On February 27, Secretary of War Pete Hegseth announced that the AI company Anthropic would be designated a “Supply-Chain Risk to National Security,” thus preventing its systems from being used for military contracts. The move came in response to Anthropic’s refusal to provide its AI models for use in fully autonomous weapons or for domestic mass surveillance. Hegseth justified the ban in the name of American democracy. It should be the president and the American people, he said, who determine how the military conducts itself, and not “unelected tech executives.” 

Responding to this decision, Anthropic CEO Dario Amodei also invoked American democracy. “In a narrow set of cases,” he said, “we believe AI can undermine, rather than defend, democratic values.” Crossing Anthropic’s red lines, he asserted, would be “contrary to American values.” 

“Anthropic is not a democratically elected body.”

Amodei also noted that Anthropic is not a democratically elected body. “The right long-term solution is not for a private company and the Pentagon to argue about this,” he said. “I think Congress needs to act here.” The problem, however, is that “Congress doesn't move fast.” Because the law is lagging behind the technology, he reasoned, it is the responsibility of those with the expertise to make sure that the public interest is protected. Anthropic can be the “judge of what our models can do reliably” and of the ways in which the technology “is getting ahead of the law.” This knowledge, he claimed, gives the company the unique ability to act in the interest of the American people. 

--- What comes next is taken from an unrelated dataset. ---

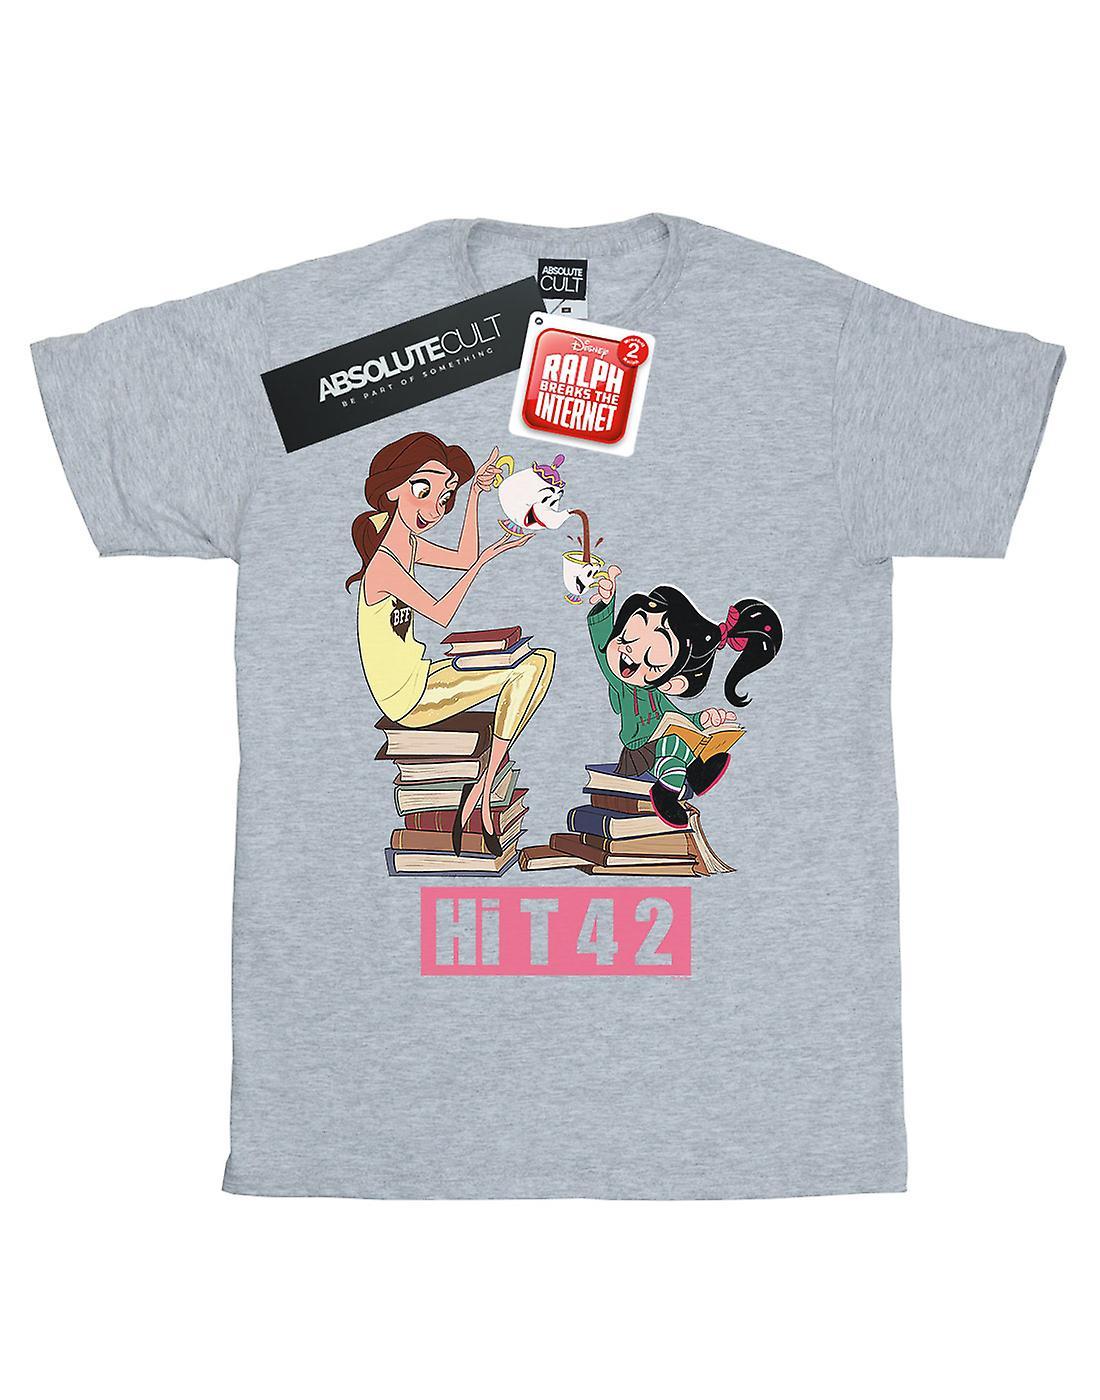 Disney Women's Wreck It Ralph Belle And Vanellope Boyfriend Fit T-Shirt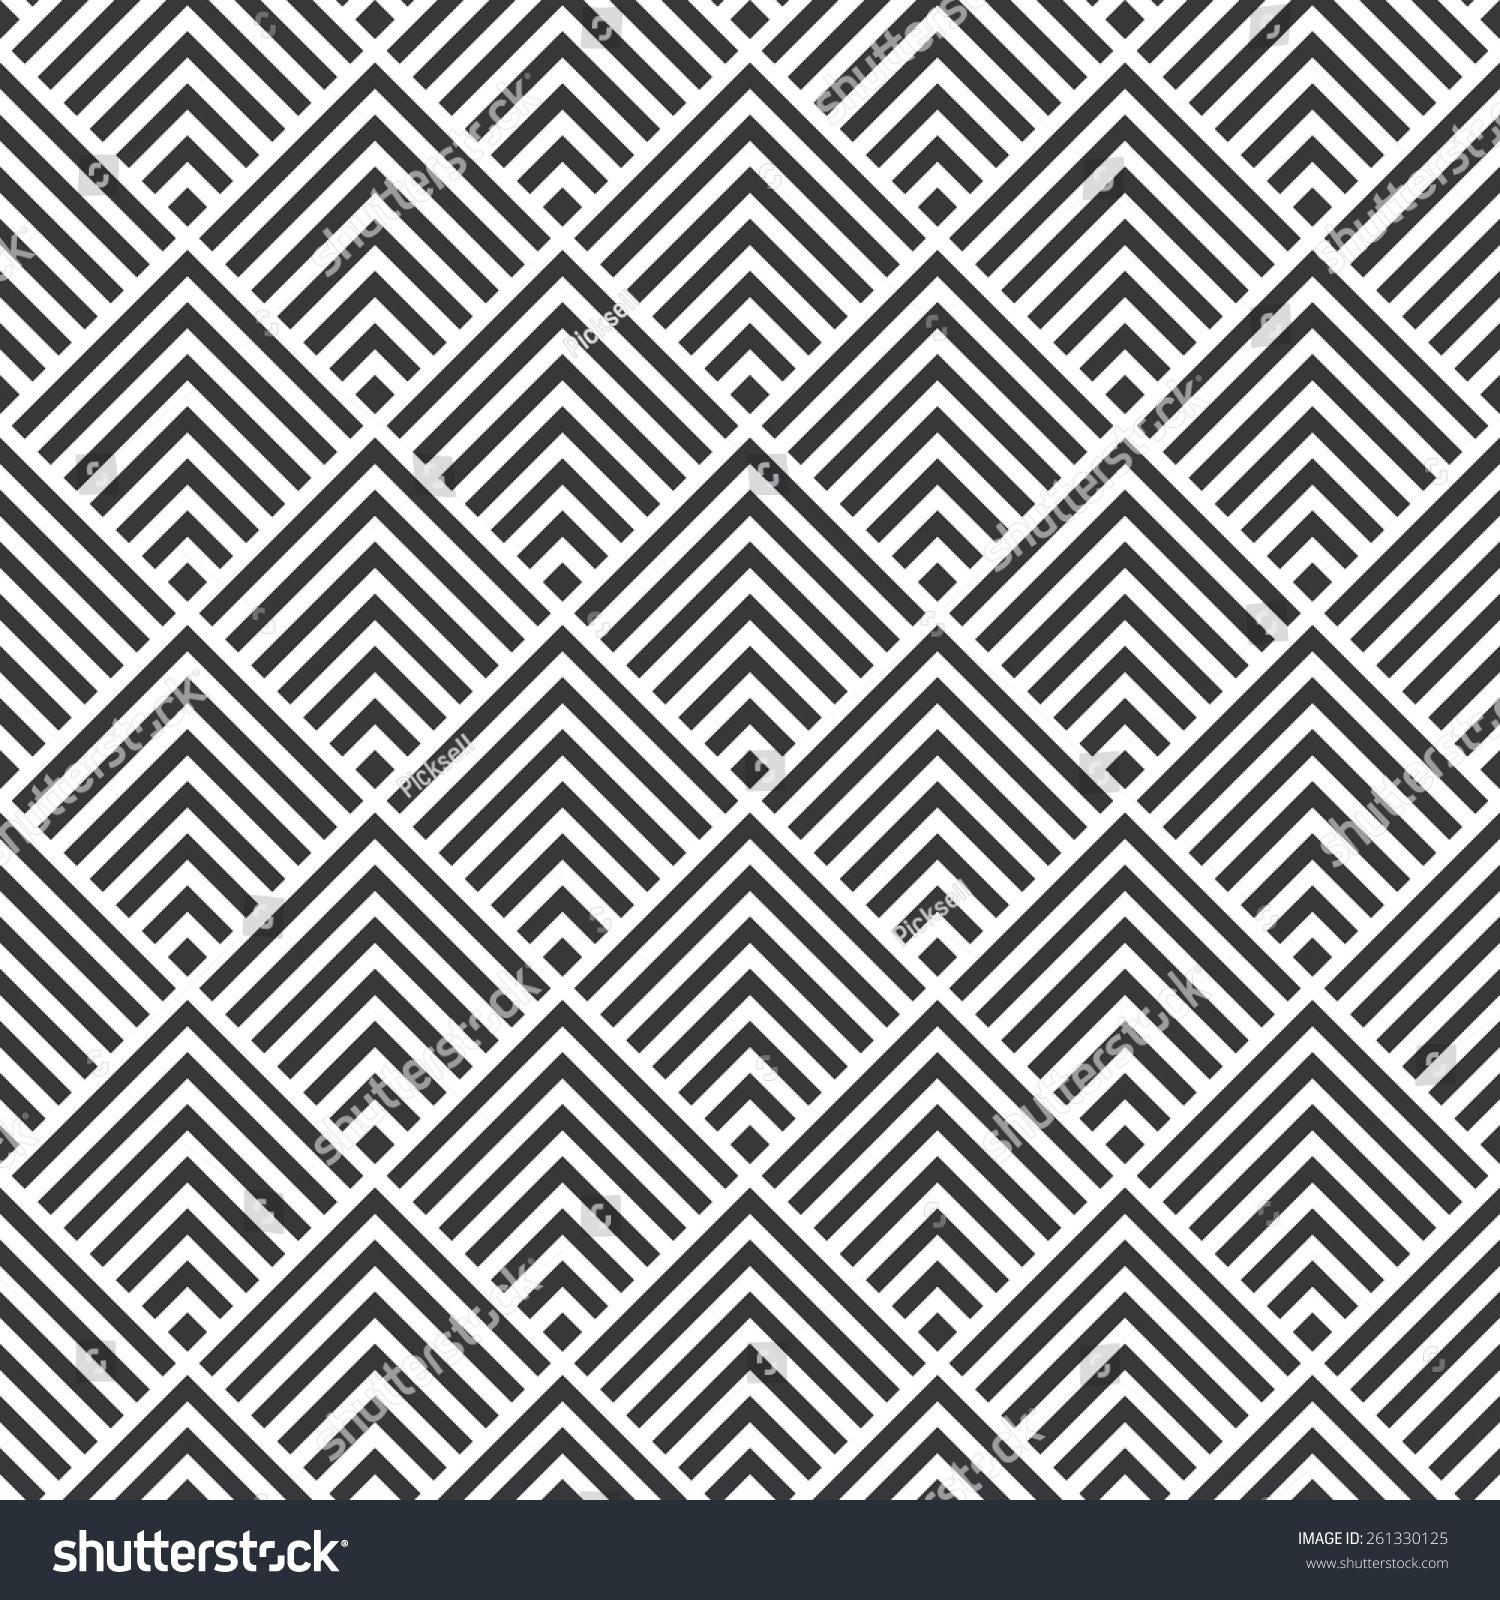 seamless art deco square chevrons pattern stock vector 261330125 shutterstock. Black Bedroom Furniture Sets. Home Design Ideas

Amodei’s claim that Anthropic represents the American people might seem outlandish. Private companies are understood to act in their own interest, while public institutions are understood to represent the popular will. Sovereignty, as traditionally conceived, is the preserve of states with the ability to govern a territory and people, which enjoy sole legitimacy to pass laws and regulations. They alone may claim to act on behalf of the citizenry as a whole.

But developers of modern digital technologies have long defended an alternative vision of sovereignty. John Perry Barlow’s 1996 “Declaration of the Independence of Cyberspace,” pronounced in Davos at the dawn of the internet age, declared that governments “have no sovereignty” over the online domain. Barlow’s statement reflected the “cyberlibertian” outlook common among early internet pioneers, who viewed the digital realm as a zone of autonomy from the state. 

This deterritorialized vision of cyberspace ran into the realities of an internet infrastructure built and run within the territories of the governments he sought to escape. However, the idea that the digital innovators are pioneering a political as well as a technological frontier has never died out. Today, Silicon Valley billionaires tie their technologies to attempts to escape state power: whether in the form of sea-steading and private communities in the Californian desert or the more ambitious dream of building a libertarian society in space. 

The language tech companies use to describe their activities is often drawn from that of governments. For instance, in 2020 Meta established its own private “Supreme Court,” an Oversight Board that adjudicated controversial content moderation decisions made by the platform. Anthropic, meanwhile, has its own “Constitution.” 

The most significant ways in which technology companies have moved to privatize sovereignty have been far subtler. As it has grown to unprecedented scales over the past two decades, Big Tech has come to act as a de facto regulator of human existence. As the legal scholar Lawrence Lessig argued in his 1999 book Code and Other Laws of Cyberspace, users are constantly regulated through the very architecture of tech platforms, which condition what we can and cannot do online. The choices made by engineers in setting these limits encode values into the systems, ideas of right and wrong use that enact a regulatory function. 

Seen in this light, Amodei’s claims to act for the public interest are continuous with the de facto role that tech companies have already been assuming for decades. The significance of Anthropic’s run-in with the Department of War, then, may be to vividly illustrate, and perhaps to test the limits, of this redefinition of sovereignty. The conflict has turned the implicit regulatory power of technology companies into a point of explicit political contestation. 

While the promise of a Supply Chain Risk designation seems like an assertion of traditional state sovereign control, how the contest plays out depends in part on what other options are available to the Pentagon. Defense officials know that other nations like China may be close behind in their integration of AI, and fear losing a lead. Perhaps other companies like OpenAI can fill the gap left by Anthropic, but in the event that Anthropic’s systems are genuinely superior, US leadership may decide that the company’s technology provides an edge they cannot do without. 

Amodei has predicted continued exponential growth in AI capabilities, characterizing soon-to-be-built AI systems as a “country of geniuses in a datacenter.” But who will be sovereign over such a country? This question extends far beyond any one company or administration. Hegseth and Amodei equally invoked American values and the American people in laying claim to this representative role. Traditionally, these values have included wariness of the centralization of political power in any institution. The American people would, presumably, prefer a future in which no powerful entity, be it a public or a private one, is able to exert sweeping control over their lives. Whether such a future can be achieved remains an open question. 

Conor McGlynn is a doctoral candidate in public policy at Harvard University.